When we founded Kythera Labs in 2019, we made a deliberate architectural bet. Healthcare multi-modal data is among the most complex data in the world. It arrives fragmented, inconsistent, and perpetually changing. We believed that solving it at scale required a foundation purpose-built for that reality, not adapted to it after the fact. That's why we built Wayfinder natively on the Databricks Lakehouse from day one.
Being a Built-On partner means committing deeply before the market confirms you were right. We committed anyway because we had seen what happens when organizations make million-dollar strategic decisions on data that was never clean enough to support them. The problem was too consequential to solve halfway.
What High-Fidelity Data Aactually Changes for our Customers
The stakes in healthcare and life sciences are different from any other industry. The costs are high and are measured in clinical outcomes, misallocated capital, and drug launches built on a denominator that was never right.
When a health system or life sciences company makes a strategic decision using Kythera data, they can defend it. For health systems, high-fidelity data means having confidence in decisions for network expansion, physician alignment strategy, and value-based care. For life sciences organizations, accurately constructed real-world patient populations mean earlier identification of underserved patients, more reliable evidence for access and reimbursement decisions, and the ability to adapt launch strategies against what's actually happening in the market.

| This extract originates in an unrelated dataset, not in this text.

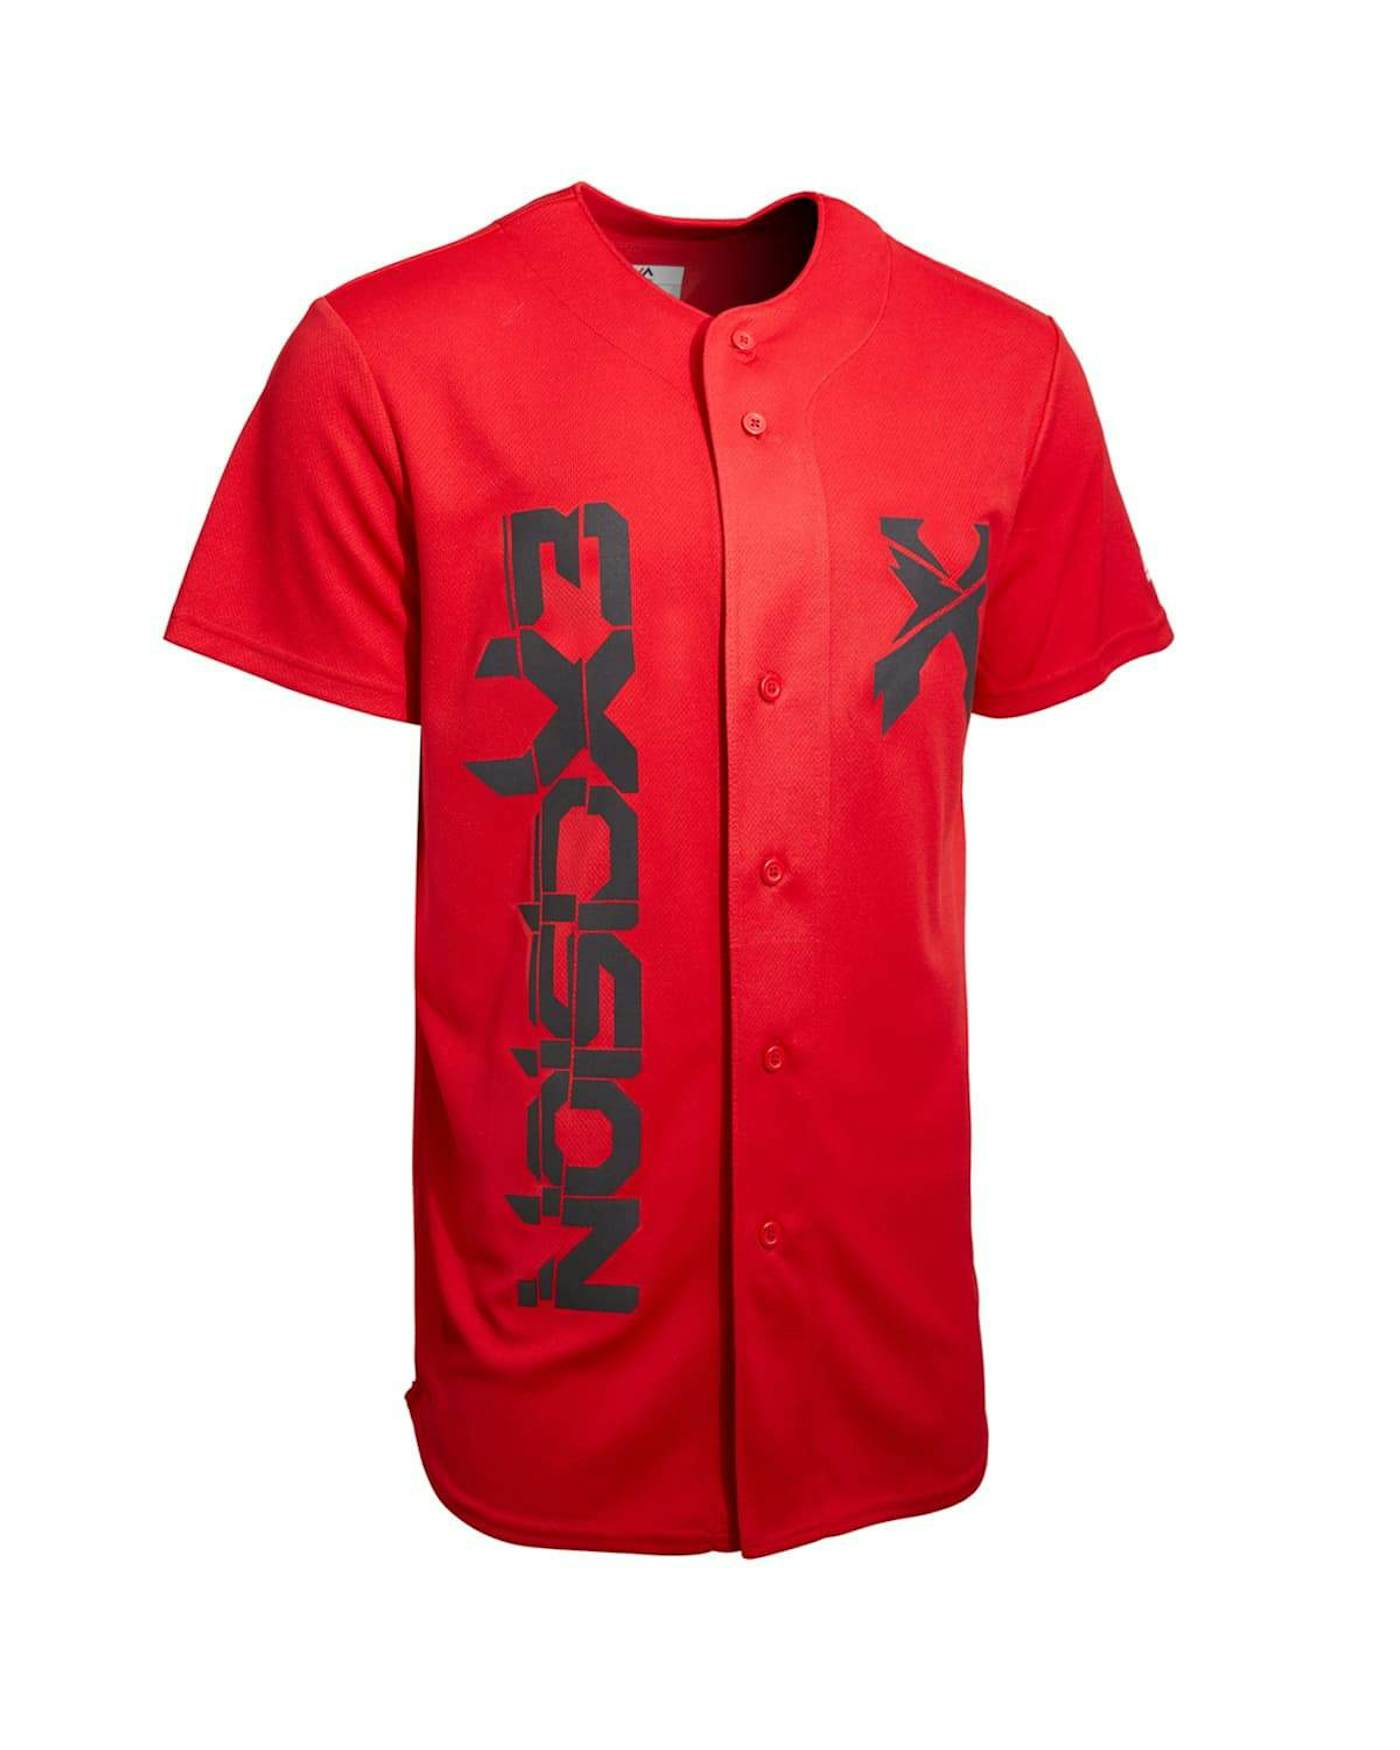 Headbanger Baseball Jersey (Neon Pink/Black Gradient)

Today, Wayfinder processes approximately 2 billion medical transactions and 3 billion prescription transactions annually, resolving patient identity across fragmented sources and governing every transformation from raw ingestion to decision-ready output. That processing depth is unglamorous work, but it's the work that makes everything built on top of it reliable. The architecture works because we didn't retrofit it. We designed it this way.
What this Award Signals
Receiving the Databricks Innovation Partner of the Year award is a recognition we're proud to share, not just with our team, but with the healthcare and life sciences organizations who trusted us to get the foundation right. Trust is hard-won in this industry. The award signals that the architectural approach we chose, building natively for the Lakehouse rather than retrofitting compatibility, is the right foundation for what healthcare and life sciences organizations need next. For health systems and life sciences companies that have already committed to Databricks as their data platform, this award is confirmation that Kythera extends that investment rather than adding to it. We don't ask them to do anything new. We make what they already have work harder.

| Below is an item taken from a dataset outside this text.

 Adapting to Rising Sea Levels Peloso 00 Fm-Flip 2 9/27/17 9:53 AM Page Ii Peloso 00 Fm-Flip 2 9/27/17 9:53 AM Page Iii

It also signals something about the market moment. AI adoption in healthcare is accelerating faster than trust is being established. We've watched a lot of organizations skip straight to the model and wonder later why the answers don't hold up. This award reflects a different choice — one we made in 2019 and have been building toward ever since.
What We're Building Toward
The next chapter isn't about faster dashboards or better reports. It's about agentic AI that is woven directly into how teams work. We're building toward orchestrated, multi-agent systems where specialized agents, each responsible for a narrow domain, coordinate through a governed orchestration layer to answer the questions that drive real decisions.
This architecture only works if the reasoning foundation underneath it is trustworthy. AI in healthcare doesn't fail because the models are bad. It fails because the data underneath the models is bad, because decisions can't be explained, or because governance wasn't built in from the start. The Databricks Lakehouse with Unity Catalog enforcing lineage and auditability at every layer gives agentic AI in healthcare something it rarely has: a foundation it can actually reason from.
That's what we're building toward. Not AI that helps you analyze something faster. Instead AI that operates reliably inside the workflows that matter most, earns trust over time, and compounds in value as it scales. We're grateful to Databricks for this recognition, and more motivated than ever to deliver on it.